If the groups were normally distributed, I could have used the T-test to figure this out.
So this leads me to believe that a Mann-Whitney test would be more useful in this case. But because I have Millions of observations in both the groups, I'm not sure if the Mann-Whitney test results will hold true. In one of the Stack Overflow posts, I read that Mann-Whitney test does not work well with so many observations.
Should I just take much smaller random samples from my 2 groups and perform the Mann-Whitney test many times and then look at the results?
Or is there a better approach to doing this? Any help would be much appreciated.
 A: First, the MW test is not a test of medians (there are some additional assumptions that make it a test of medians, but those same assumptions would also make it a test of means).
The Central Limit Theorem tells us that we can use normal base inference (e.g. the t-test) when the population is not normal, but the sample size is large enough.  A sample size of millions is probably big enough that the t-test will give a good enough approximation.
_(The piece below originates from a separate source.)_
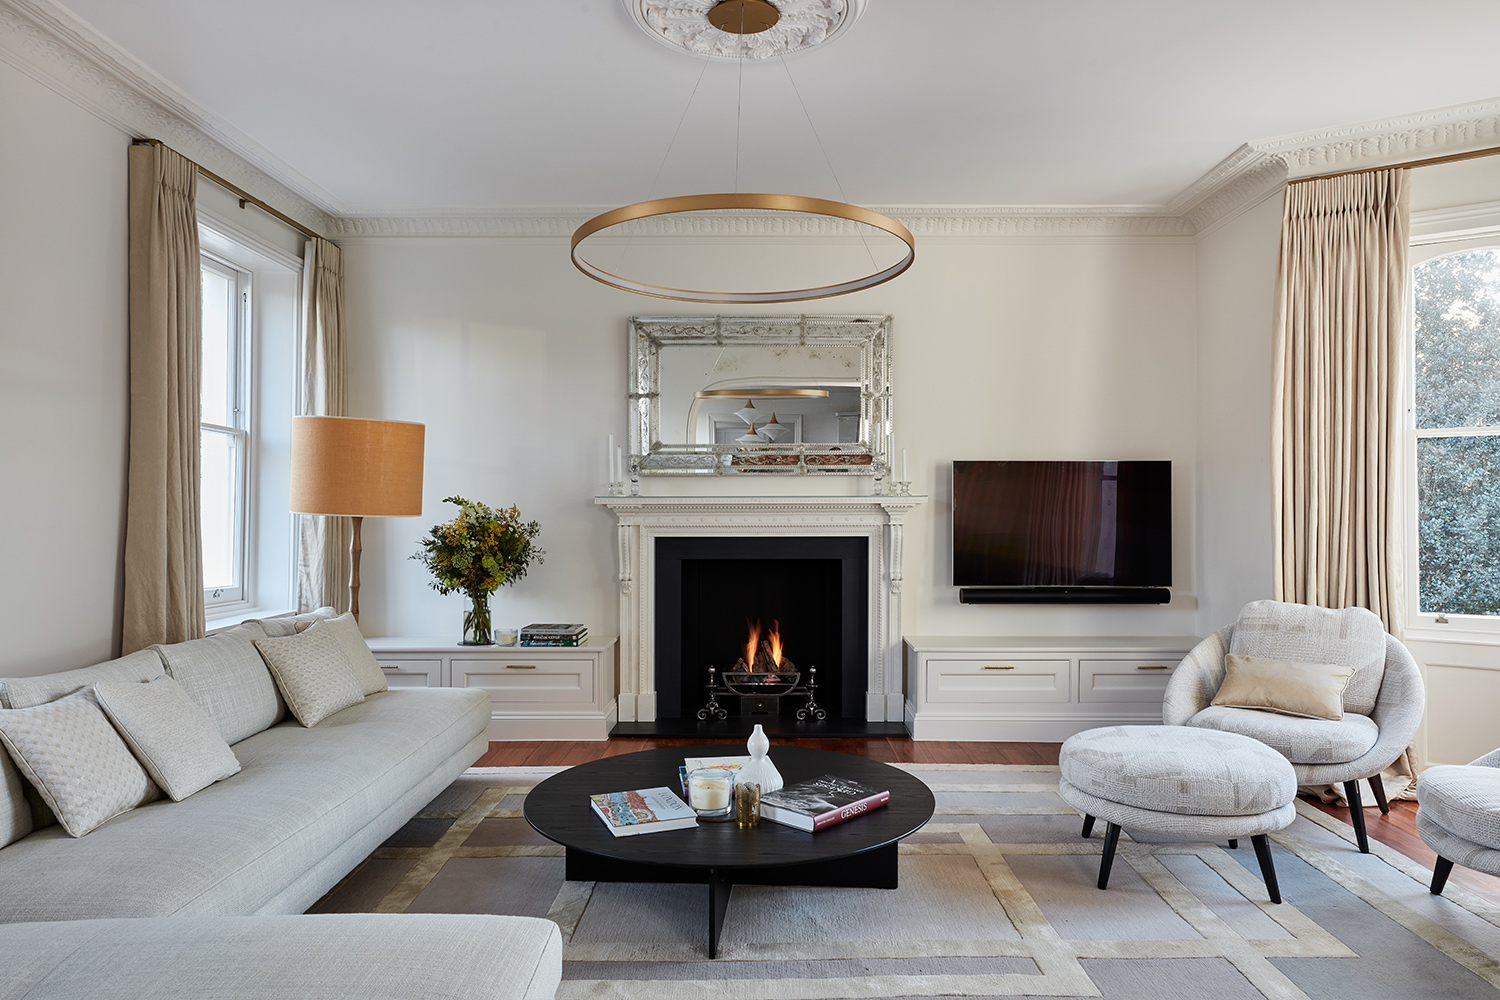 Living room from a Hampstead luxury interior design project
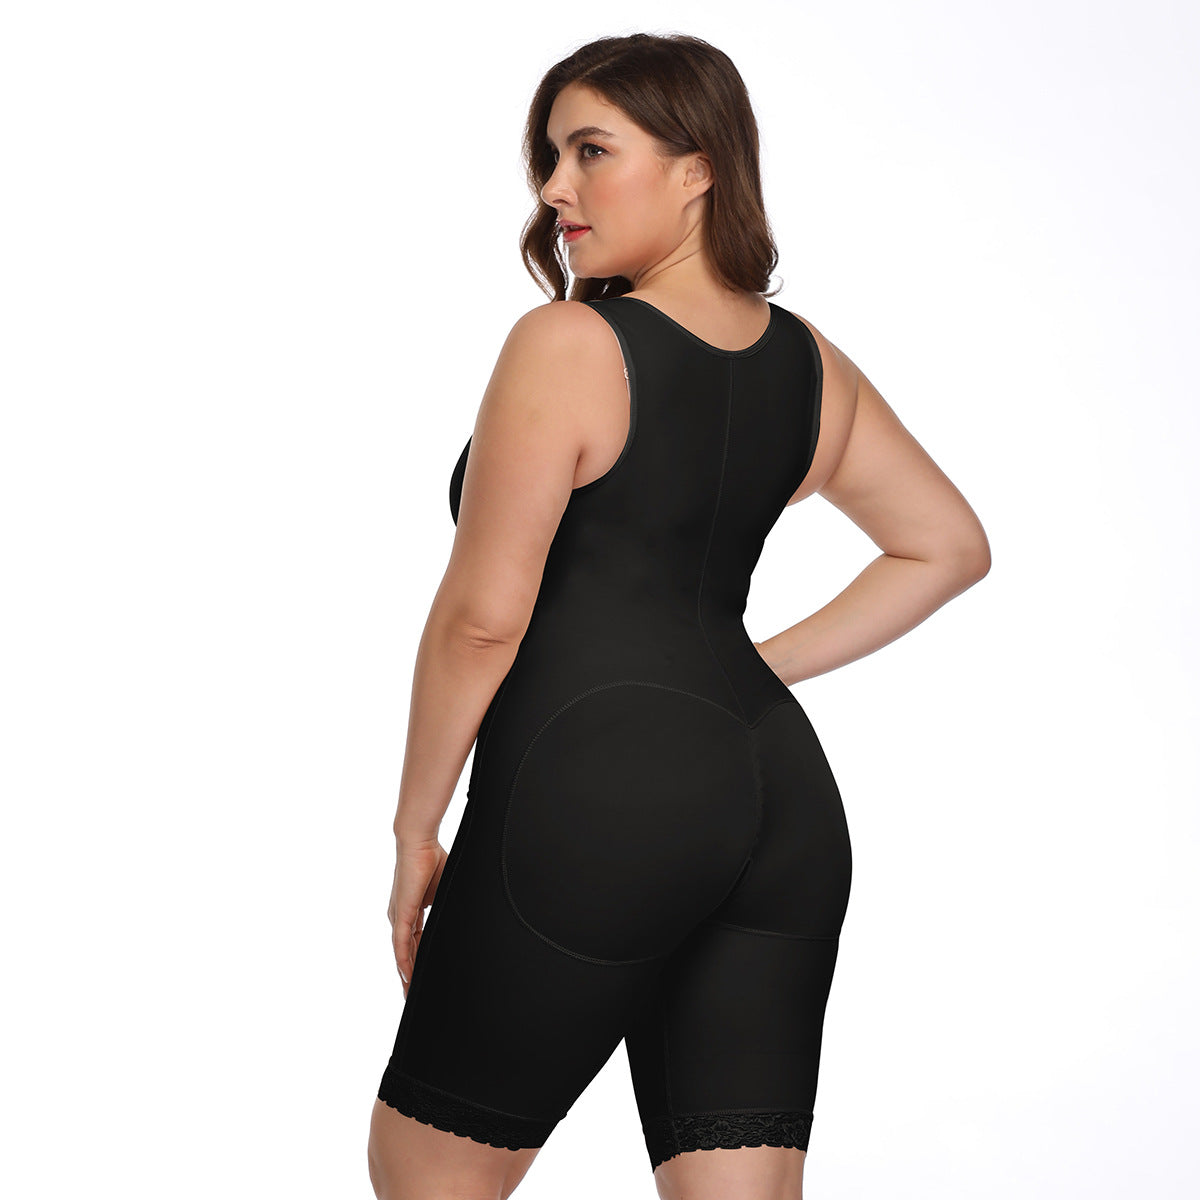 One-piece waist and butt tight shapewear

If you still want to compare medians, or still don't trust the t-test then you could use a permutation test (the MW test is a special case of a permutation test) or create a bootstrap confidence interval, or just replace the data with their ranks and do a t-test on the ranks (the MW approximation).
The comment above about looking at the meaningful differences is probably more important than the p-value in this case (with millions of data points you can find extremely small differences to be statistically significant).  Confidence intervals on the differences will probably be much more meaningful than p-values at those sizes.